→ Exercise requirements
Extract the full listing verbatim and drop any pictures from your copy.

→ Given information
>>>>

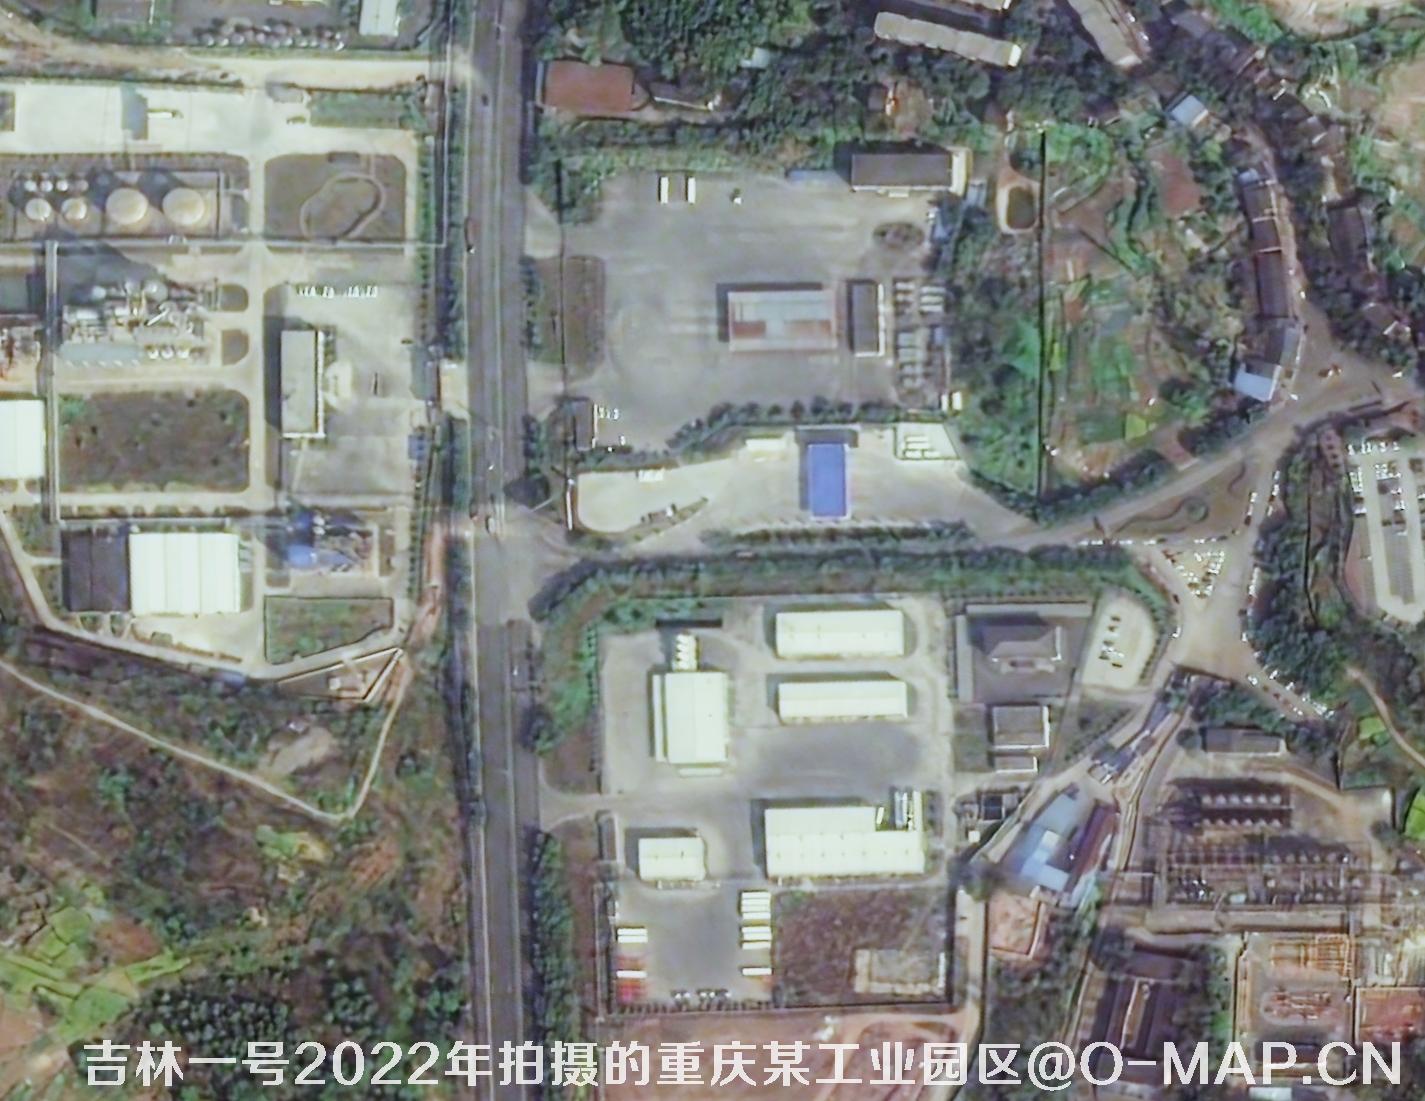 国产0.75米分辨率卫星拍摄的高清图片
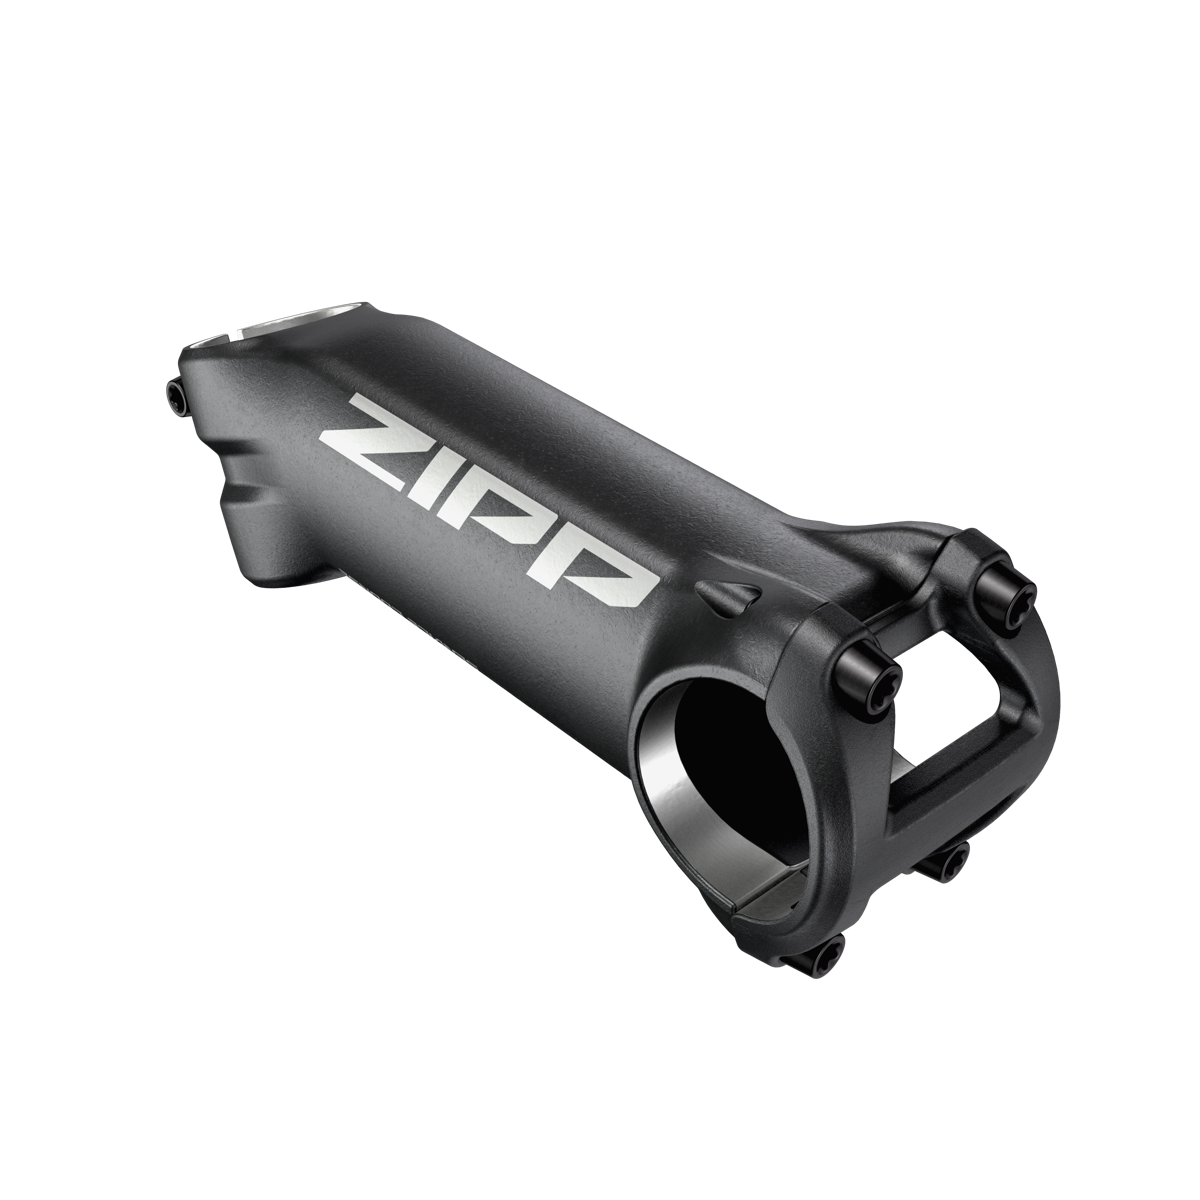 速连推出新款ZIPP把组系列及全新集成式支架
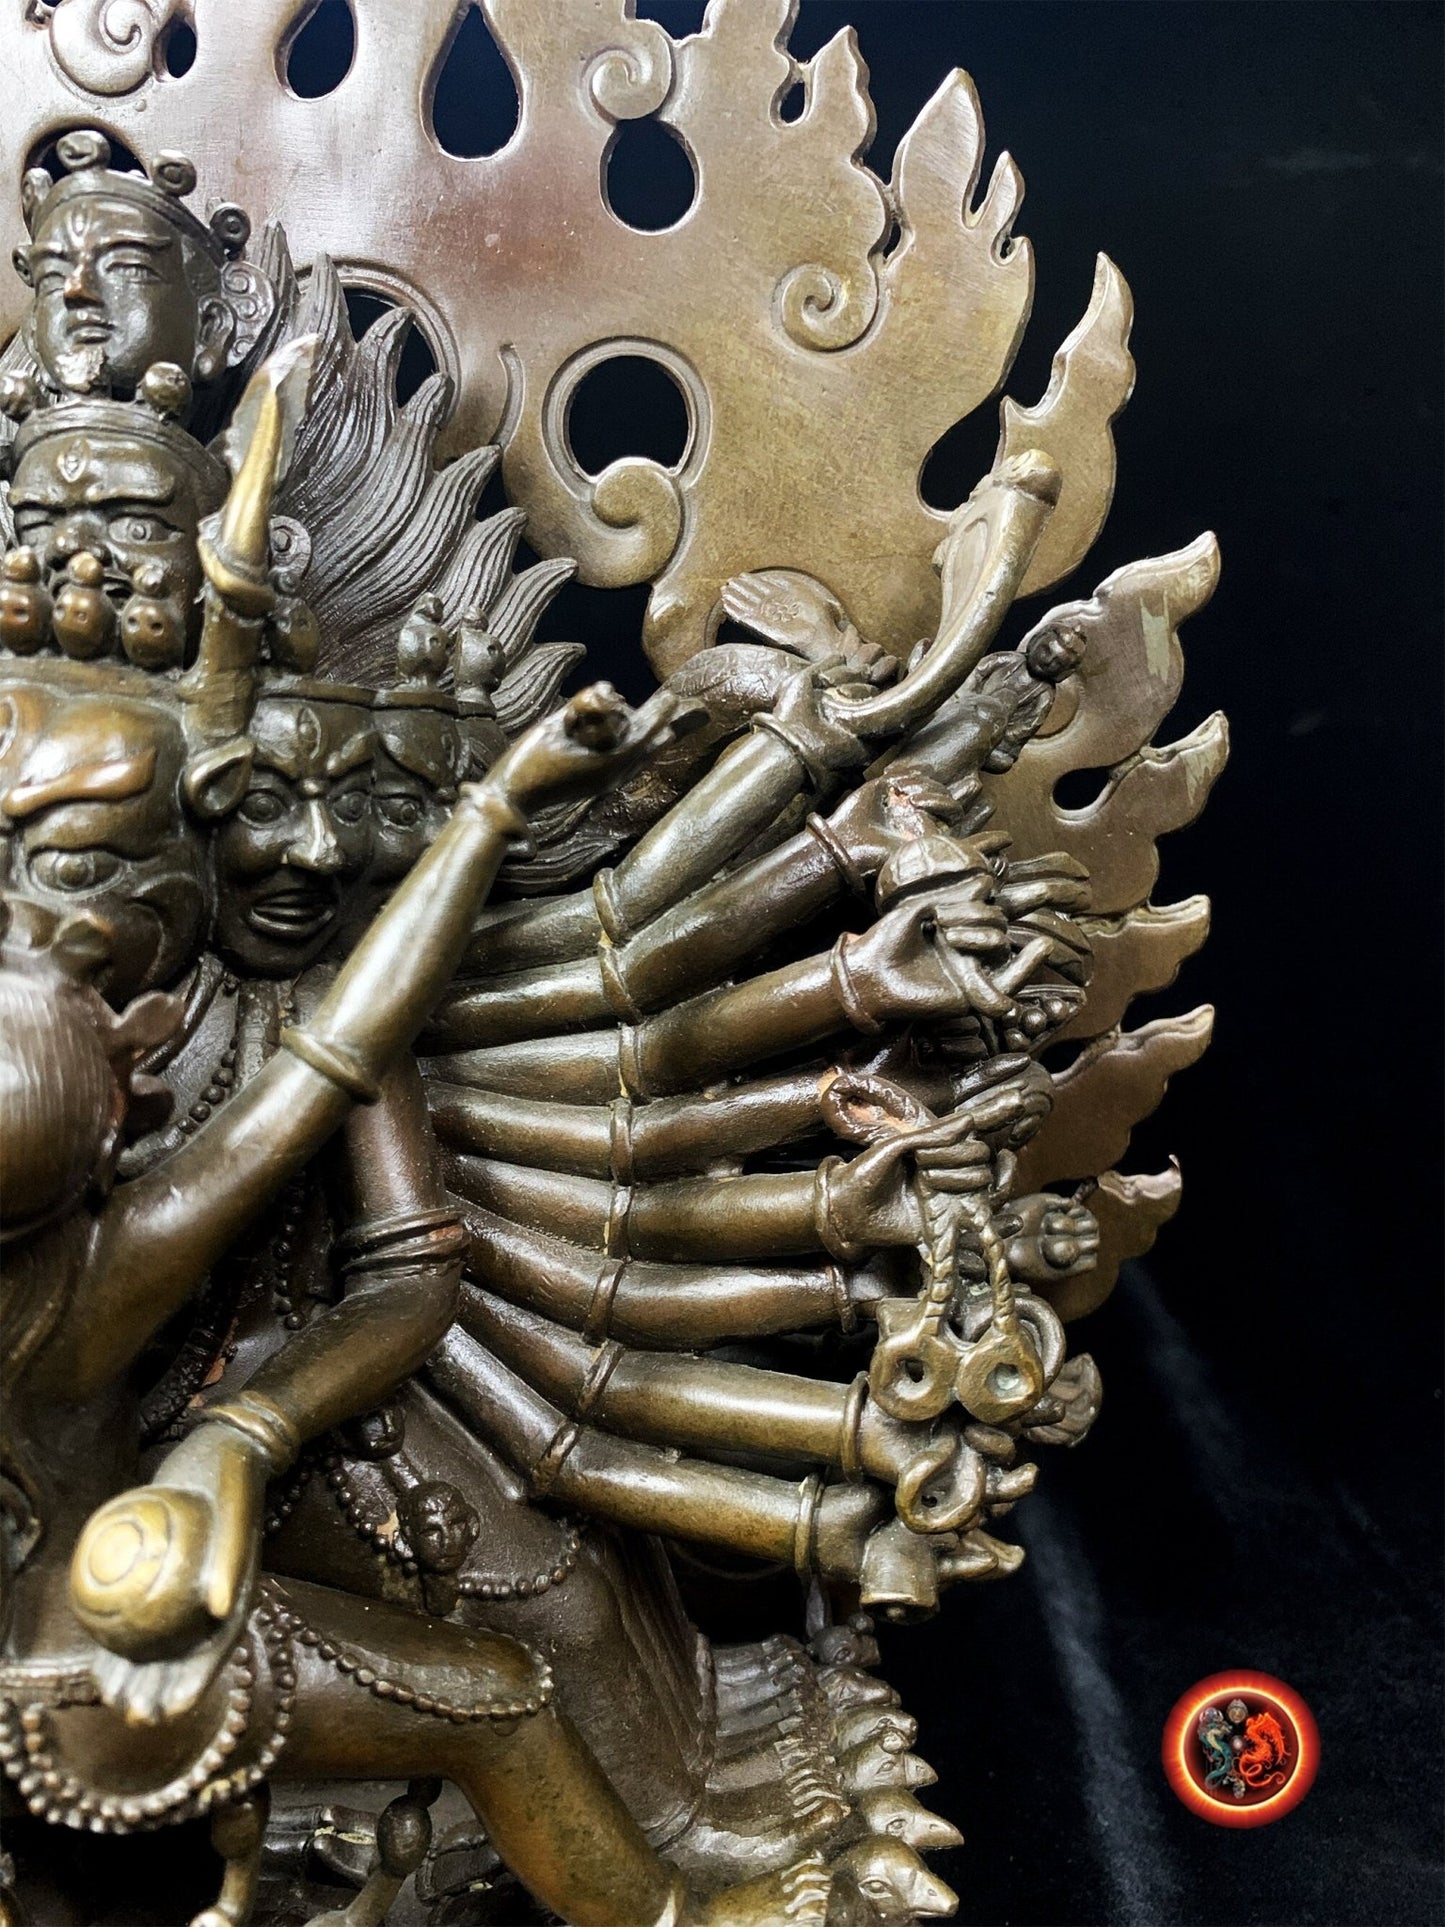 statuette bouddhiste,Statue Yidam Yamantaka, bouddhisme vajrayana ésotérique, tantrique  en yab yum avec sa parèdre Vétali. - obsidian dragon

<<<<

→ Solved exercise
 国产0.75米分辨率卫星拍摄的高清图片
 速连推出新款ZIPP把组系列及全新集成式支架
 statuette bouddhiste,Statue Yidam Yamantaka, bouddhisme vajrayana ésotérique, tantrique  en yab yum avec sa parèdre Vétali. - obsidian dragon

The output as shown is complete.